A proof that magnetic forces do no work?

[Dale]

What is actual displacement? That \Delta \theta ?

It is the actual path that the object travels. It is a vector, so no, it is not $\Delta \theta$. It is the vector $\Delta \vec r$ which can be written as $\Delta \vec r = \Delta x \hat x + \Delta y \hat y = (\Delta x, \Delta y)$ in Cartesian coordinates or as $\Delta \vec r = \Delta r \hat r + \Delta \theta \hat \theta = (\Delta r, \Delta \theta)$ in polar coordinates. So in polar coordinates you can write it $(0,\Delta \theta)$ and as $\Delta t \to 0$ we get $(0,\Delta \theta/\Delta t) \to (0,d\theta/dt)=(0,v_{\theta})$ which is always perpendicular to the force $(F_B,0)$ and therefore the work is always 0.

 

[Adesh]

Causation doesn't enter the definition of work.

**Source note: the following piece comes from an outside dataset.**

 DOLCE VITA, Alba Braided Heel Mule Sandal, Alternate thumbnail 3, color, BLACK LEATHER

Please explain me a little further, I really want to learn it.

 

[Adesh]

It is the actual path that the object travels. It is a vector, so no, it is not $\Delta \theta$. It is the vector $\Delta \vec r$ which can be written as $\Delta \vec r = \Delta x \hat x + \Delta y \hat y = (\Delta x, \Delta y)$ in Cartesian coordinates or as $\Delta \vec r = \Delta r \hat r + \Delta \theta \hat \theta = (\Delta r, \Delta \theta)$ in polar coordinates. So in polar coordinates you can write it $(0,\Delta \theta)$ and as $\Delta t \to 0$ we get $(0,\Delta \theta/\Delta t) \to (0,d\theta/dt)=(0,v_{\theta})$ which is always perpendicular to the force $(F_B,0)$ and therefore the work is always 0.

But we want to prove that the displacement is perpendicular to the force not the velocity.

 

[Dale]

But we want to prove that the displacement is perpendicular to the force not the velocity.

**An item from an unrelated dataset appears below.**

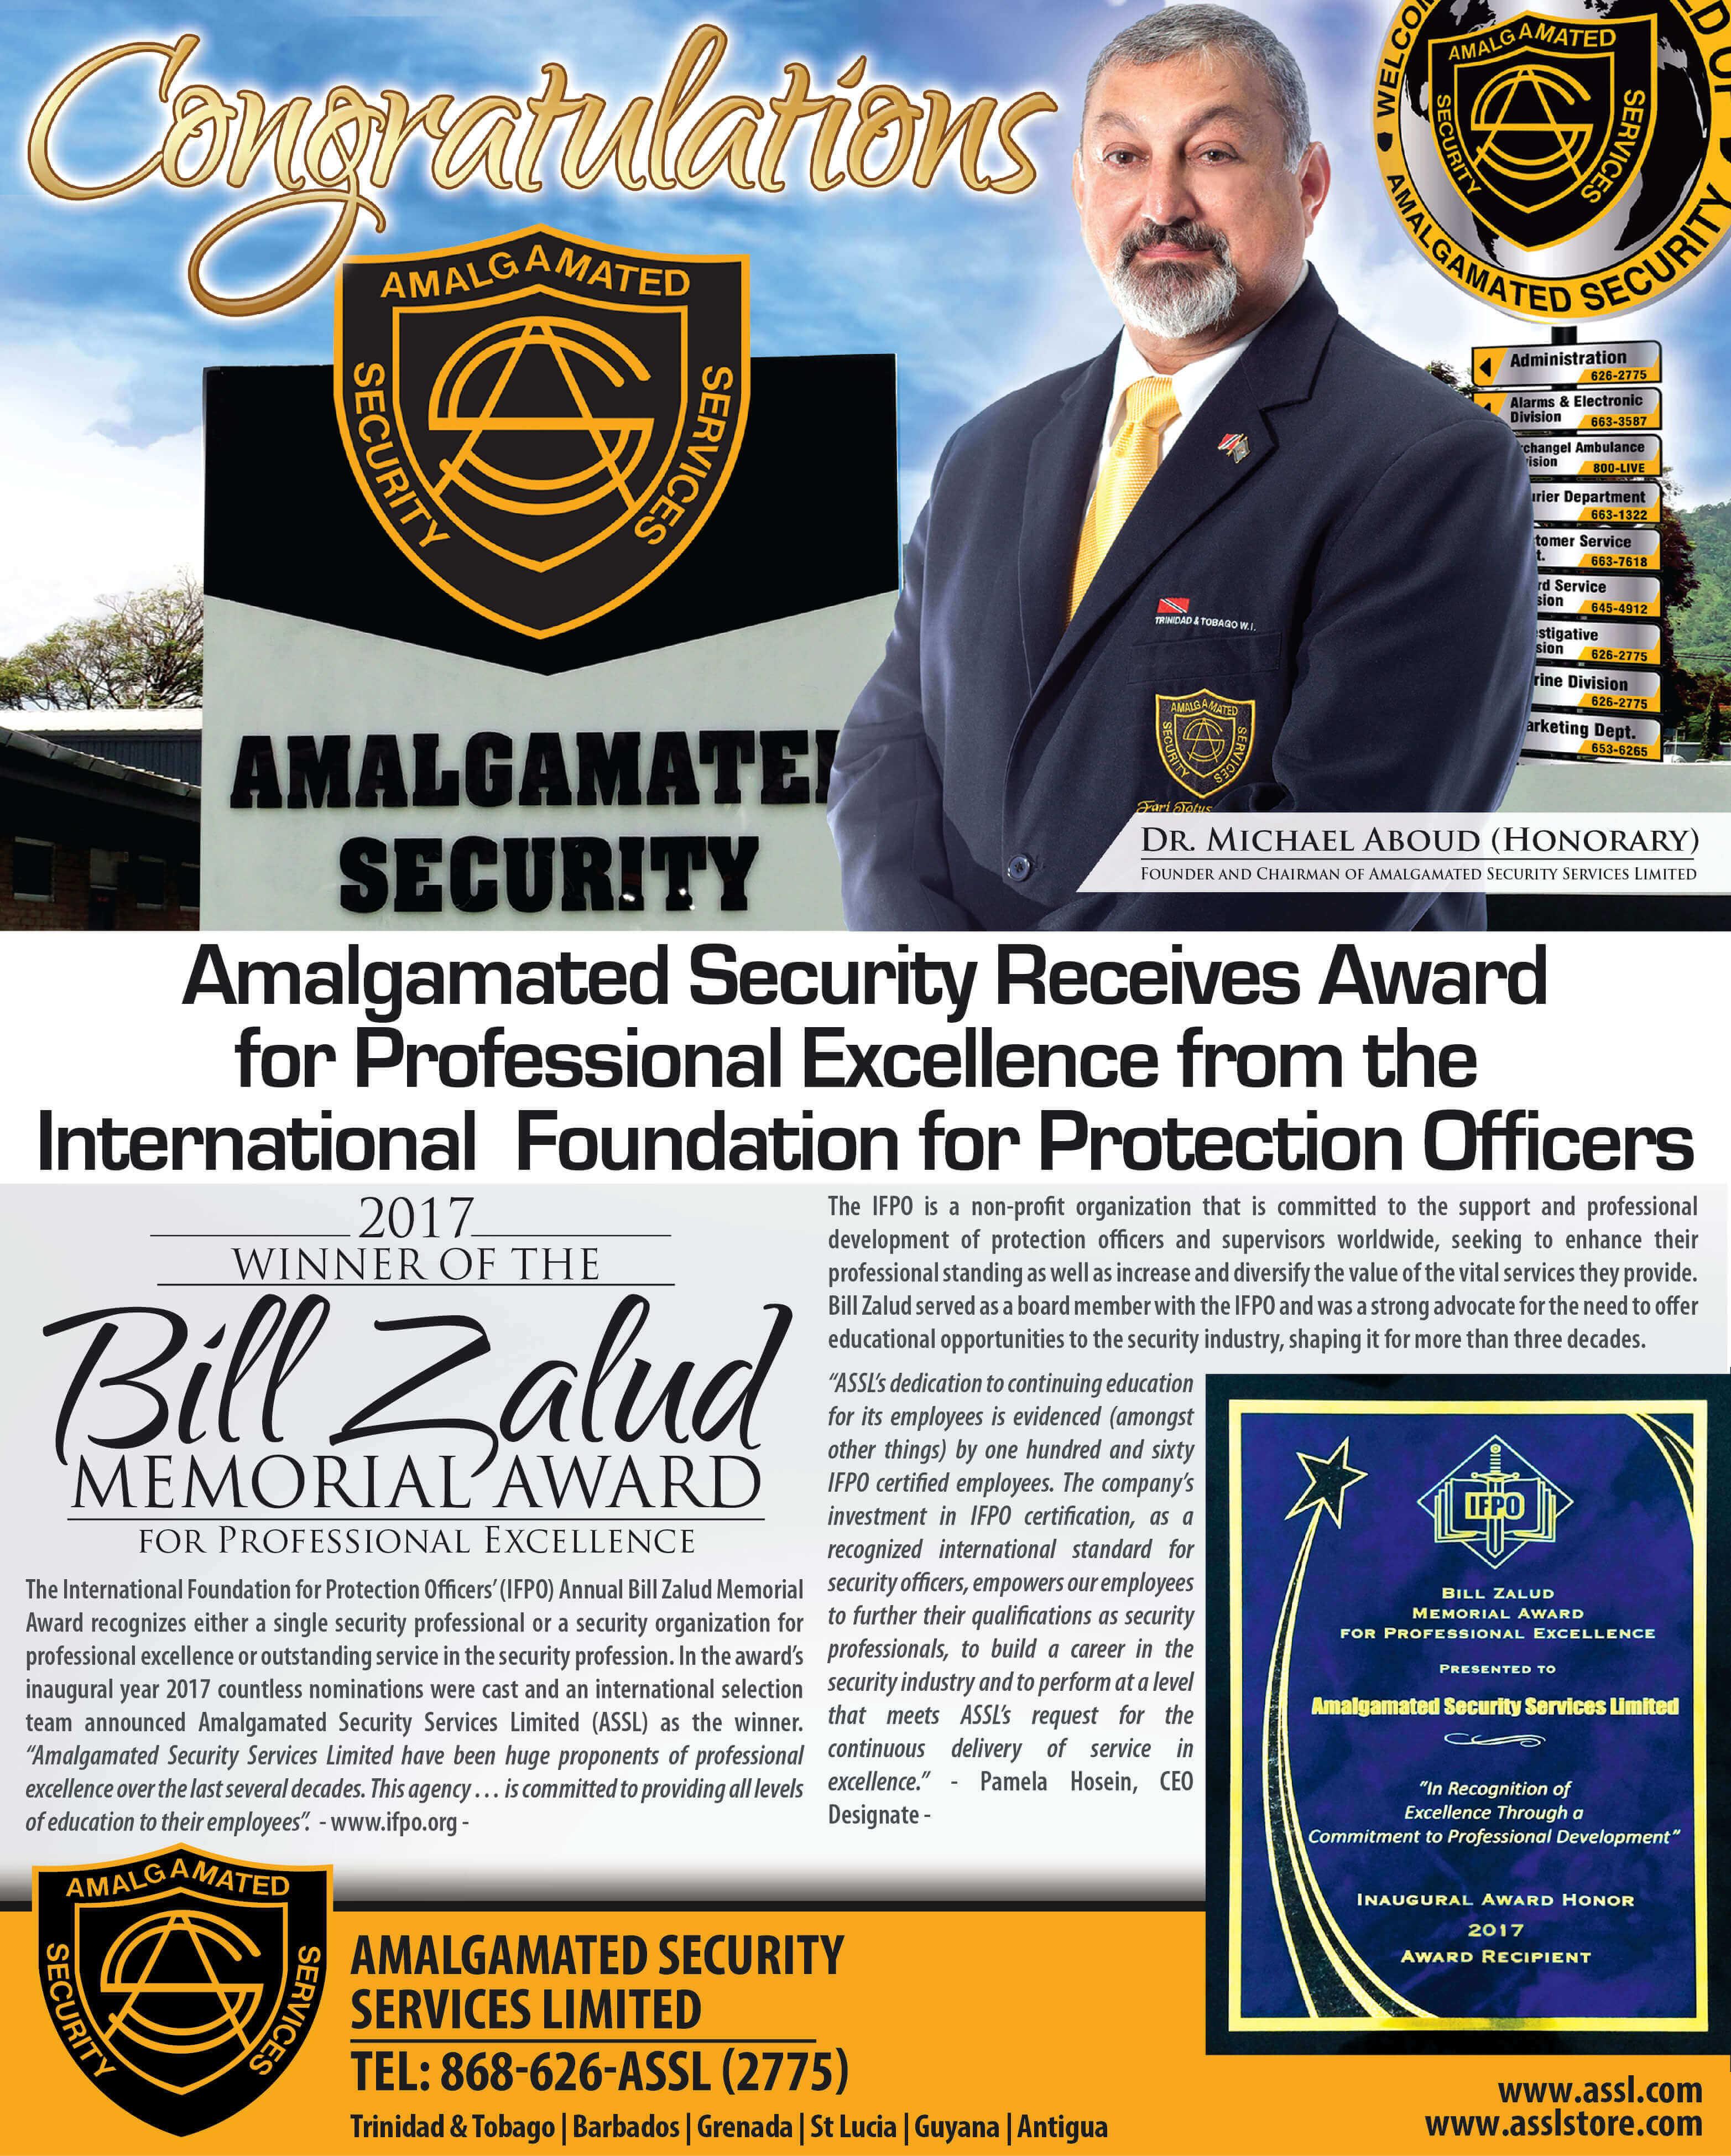 Amalgamated Security Services Limited - Cash Services Unit

The velocity is the instantaneous displacement. You have studied calculus.

 

[dsanz]

Please explain me a little further, I really want to learn it.

Forget about what causes what. To calculate work done by a particular force on a given object, you only need to know what that force is and what the displacement of the object is. It doesn't matter whether "only part of the displacement was caused by the force" or anything of that sort. You look at the force and take the dot product with displacement (both at the same instant).

 

[PeroK]

But we want to prove that the displacement is perpendicular to the force not the velocity.

In one sense there is no instantaneous displacement. There is an instantaneous displacement from the origin, which is the instantaneous position (vector). But, displacement is the difference of two position measurements. As the time increment tends to zero, the displacement over that time increment tends to zero.

The instantaneous quantities must be the time derivative of something. Velocity is the derivative of position and acceleration is the derivative of velocity. Neither of these need tend to zero as the time increment tends to zero.

 

[alantheastronomer]

In this picture, I have drawn the violet arrow which represents the velocity after a time \Delta t from where the + sign has been made. I have drawn the components of violet velocity, the components are in yellow color and there you see we have a component inwards. What has caused this inward component of velocity? I think it is \mathbf{F_{B}} which acted at + sign has caused this, correct me if I'm wrong.
View attachment 254197

I see what you're saying - the displacement is not parallel to the velocity, and we can clearly see that there is a component of the displacement parallel to the force vector, so their dot product clearly isn't zero, so what gives? Well, this would be true if the force were impulsive - occurring over a finite amount of time - so that the force vector was fixed in that direction. But this force arises out of that magnetic field interacting with the particle's motion, perpendicular to them both. The force vector is not static, it's continually changing in lockstep with the particle's position, always perpendicular.